Check the state of a High Availability Group

This dashboard shows detailed health and replication telemetry for a single Always On Availability Group (AG). Use it to verify replica roles, track failovers, monitor data movement, and identify databases that need attention.

Top: AG summary

  • Availability Group: AG name
  • Primary Replica: current primary replica host
  • Secondary Replicas: configured secondaries
  • Total Nodes: count of configured replicas
  • Online Nodes: replicas currently online and reachable
  • N. Databases: number of databases in the AG
  • Synchronization Health: overall sync state for the AG
  • Listener Name: cluster listener DNS name (if configured)
  • Listener IP: listener IP address(es)

Primary Replica Failovers timeline

  • A timeline that shows which replica was primary at each point in time.
  • Use it to review recent failovers and to correlate role changes with events or performance anomalies.

Availability Group Nodes table

  • Replica Instance: instance name for each replica
  • Replica role: Primary / Secondary
  • Sync.

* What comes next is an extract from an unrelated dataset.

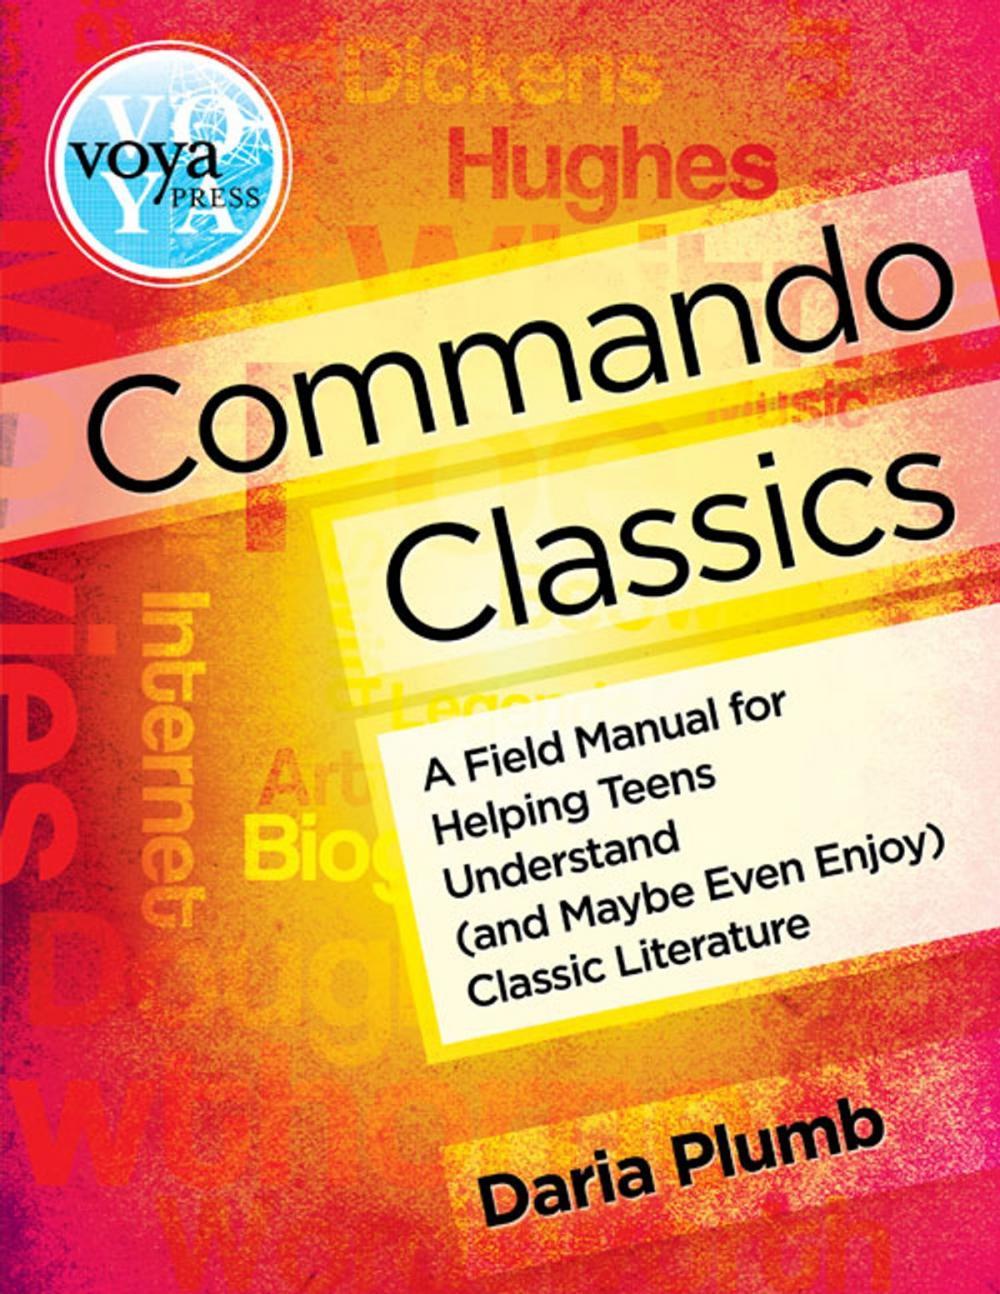 Big bigCover of Commando Classics

Health: per-replica synchronization status
  • Availability Mode: synchronous / asynchronous
  • Failover Mode: automatic / manual
  • Seeding Mode: automatic / manual
  • Secondary Allow Connections: read-intent settings for secondaries
  • Backup Priority: priority used for backup routing
  • Endpoint URL: data movement endpoint
  • R/O Routing URL: read-only routing address (if configured)
  • R/W Routing URL: read-write routing address (if configured)

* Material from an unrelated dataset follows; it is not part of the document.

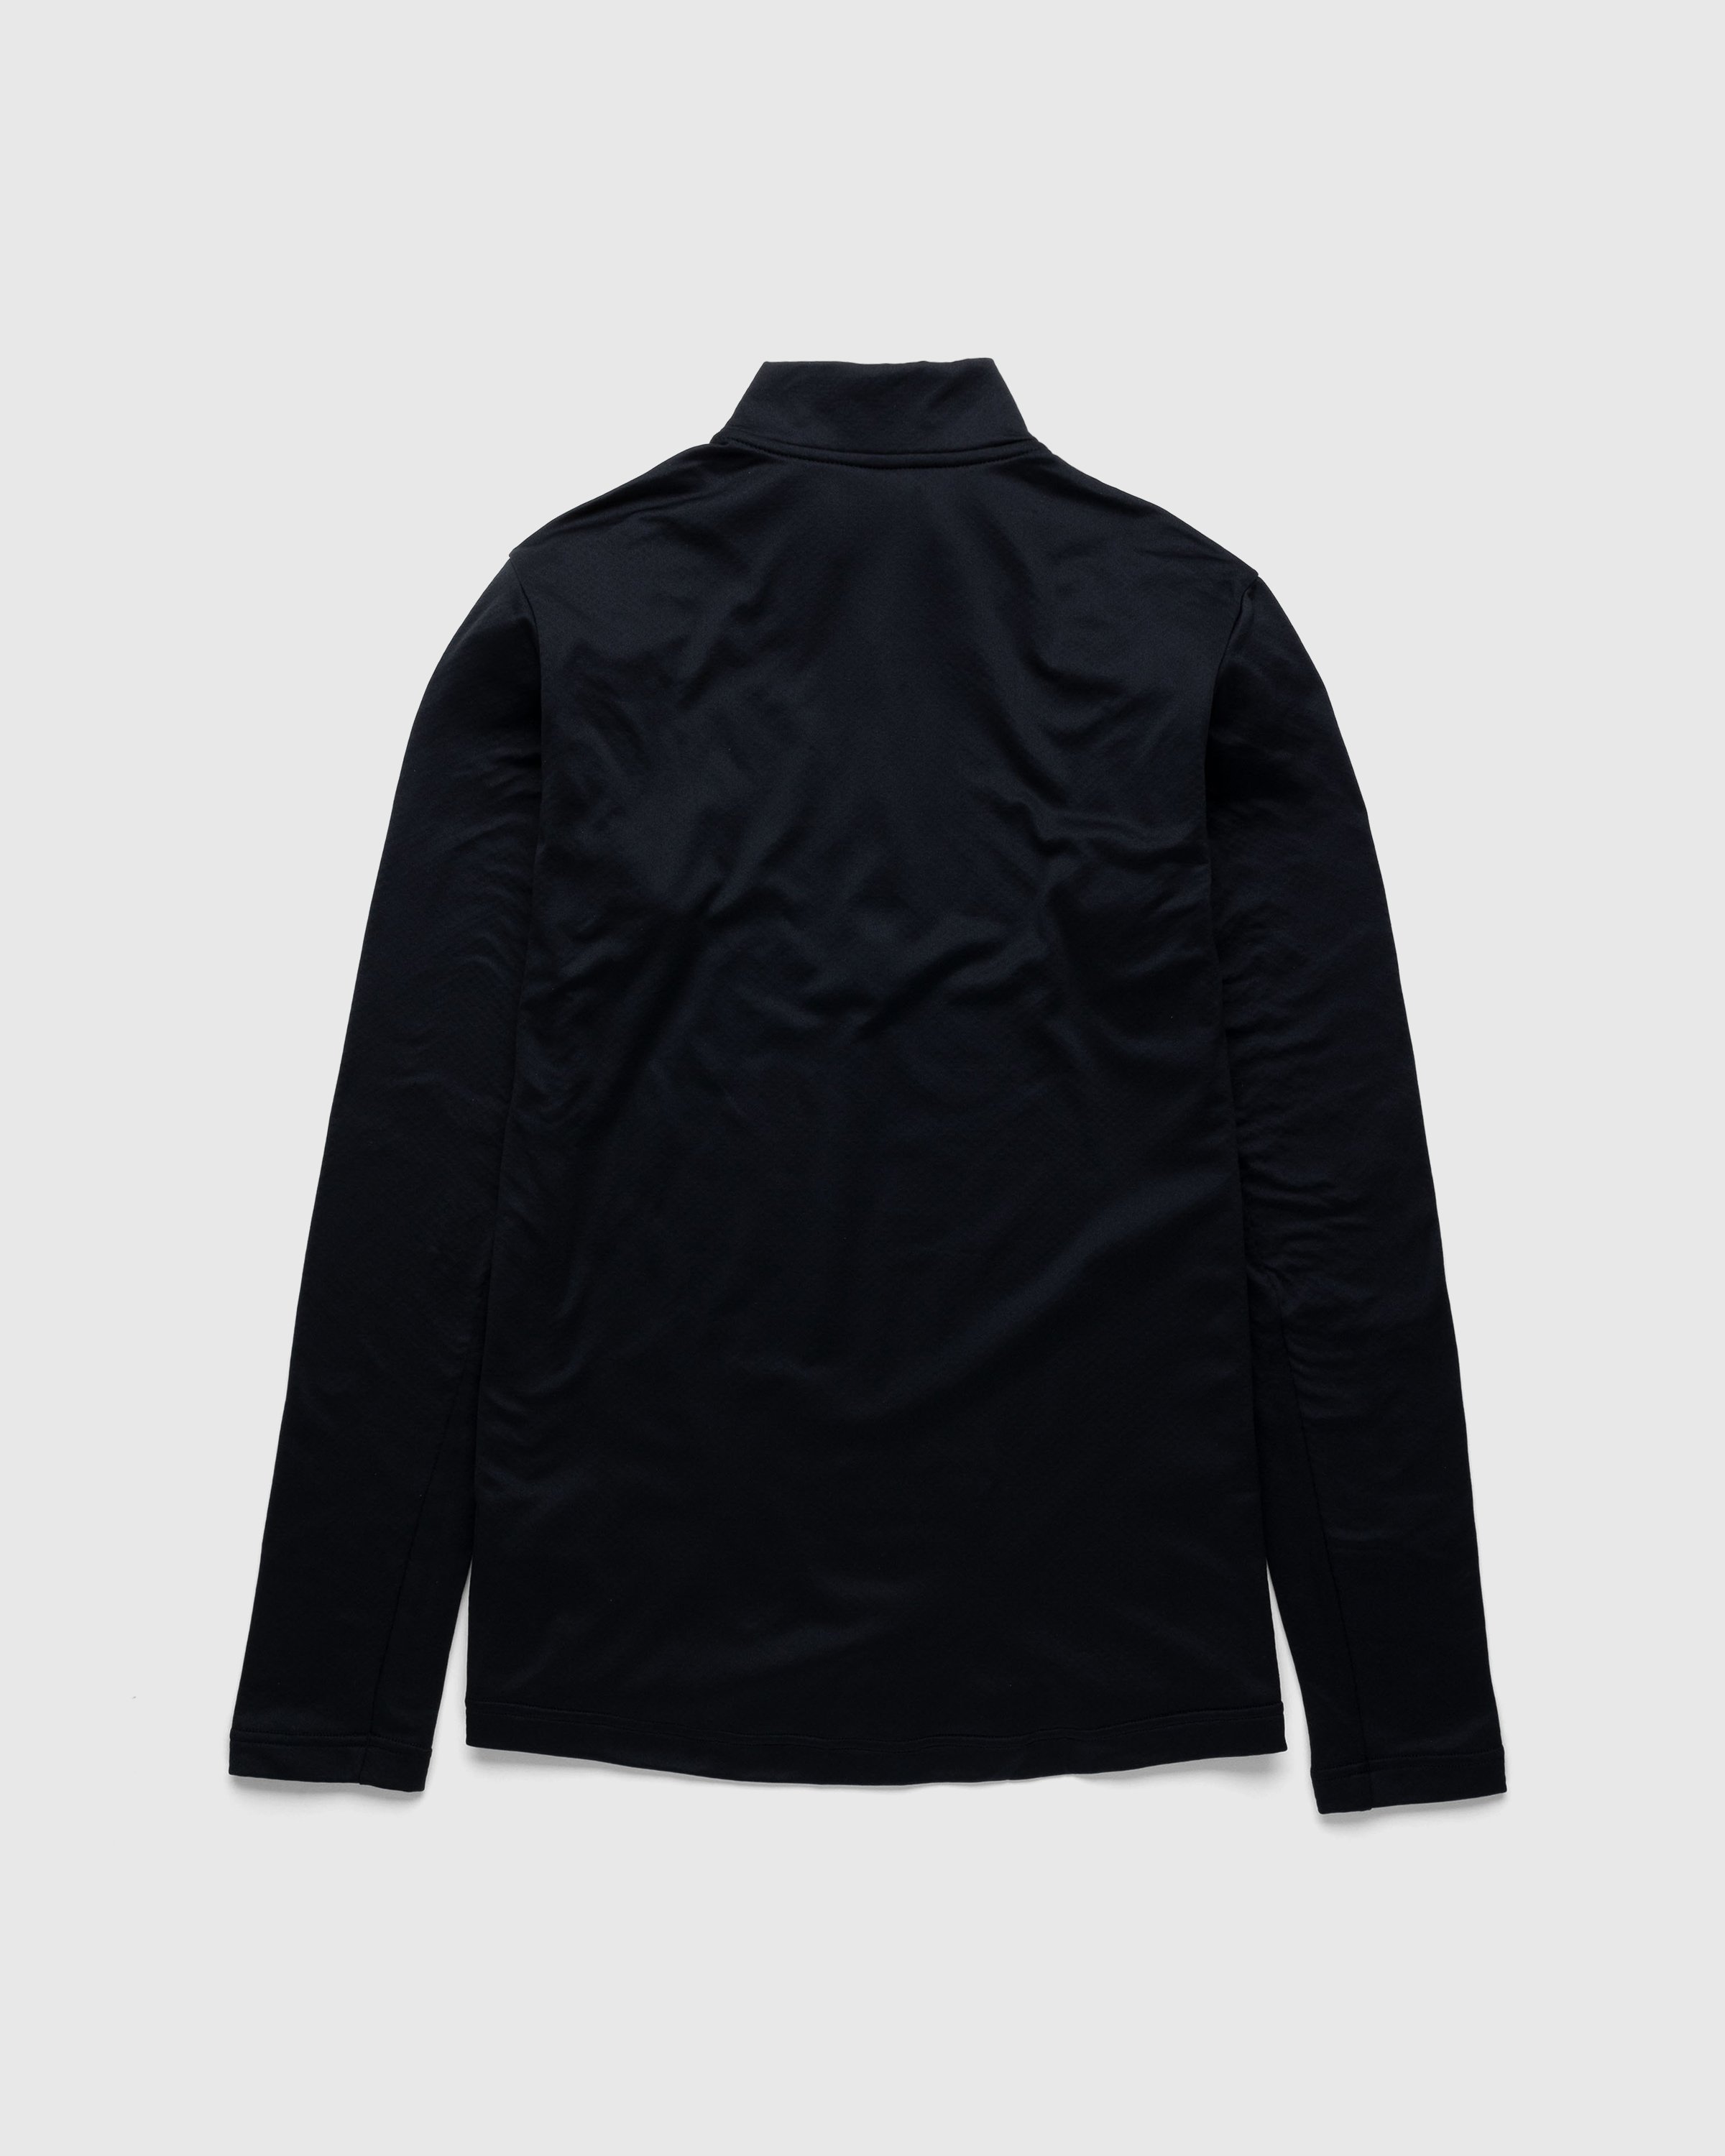 Adidas - Multi Half-Zip Longsleeve Black - Clothing - Black - Image 2

Nodes KPIs and online history

  • KPIs: Total Nodes and Offline Nodes for quick situational awareness.
  • Online Nodes chart: time-series showing the number of online replicas over the selected interval to spot outages or flapping nodes.

Transfer rates and queues

  • Transfer Rates chart: Send Rate (how fast the primary sends changes) and Redo Rate (how fast secondaries apply changes). Use to spot slow secondaries or network saturation.
  • Transfer Queue Size chart: Send Queue Size and Redo Queue Size. Growing queues indicate replication lag or bottlenecks that may affect failover readiness.

Health history charts

  • Online node history: online vs total nodes over time to visualize availability trends.
  • Database Health History: healthy databases vs total databases to track when databases become unsynchronized or unhealthy.

Databases Replication Status table

  • SQL Instance: instance hosting the database replica
  • Database Name: database name
  • Sync. Health: synchronization status for the database
  • Is Primary Replica: indicates whether this row is the primary
  • Availability Mode: database-level availability mode (inherits from AG)

Usage and investigation tips

  • Correlate failover times with primary timeline and with performance metrics (CPU, I/O) to find causes of role changes.
  • Increasing send/redo queues or sustained low redo rates often point to network, disk, or resource contention on secondaries — investigate those hosts before initiating failover or taking corrective action.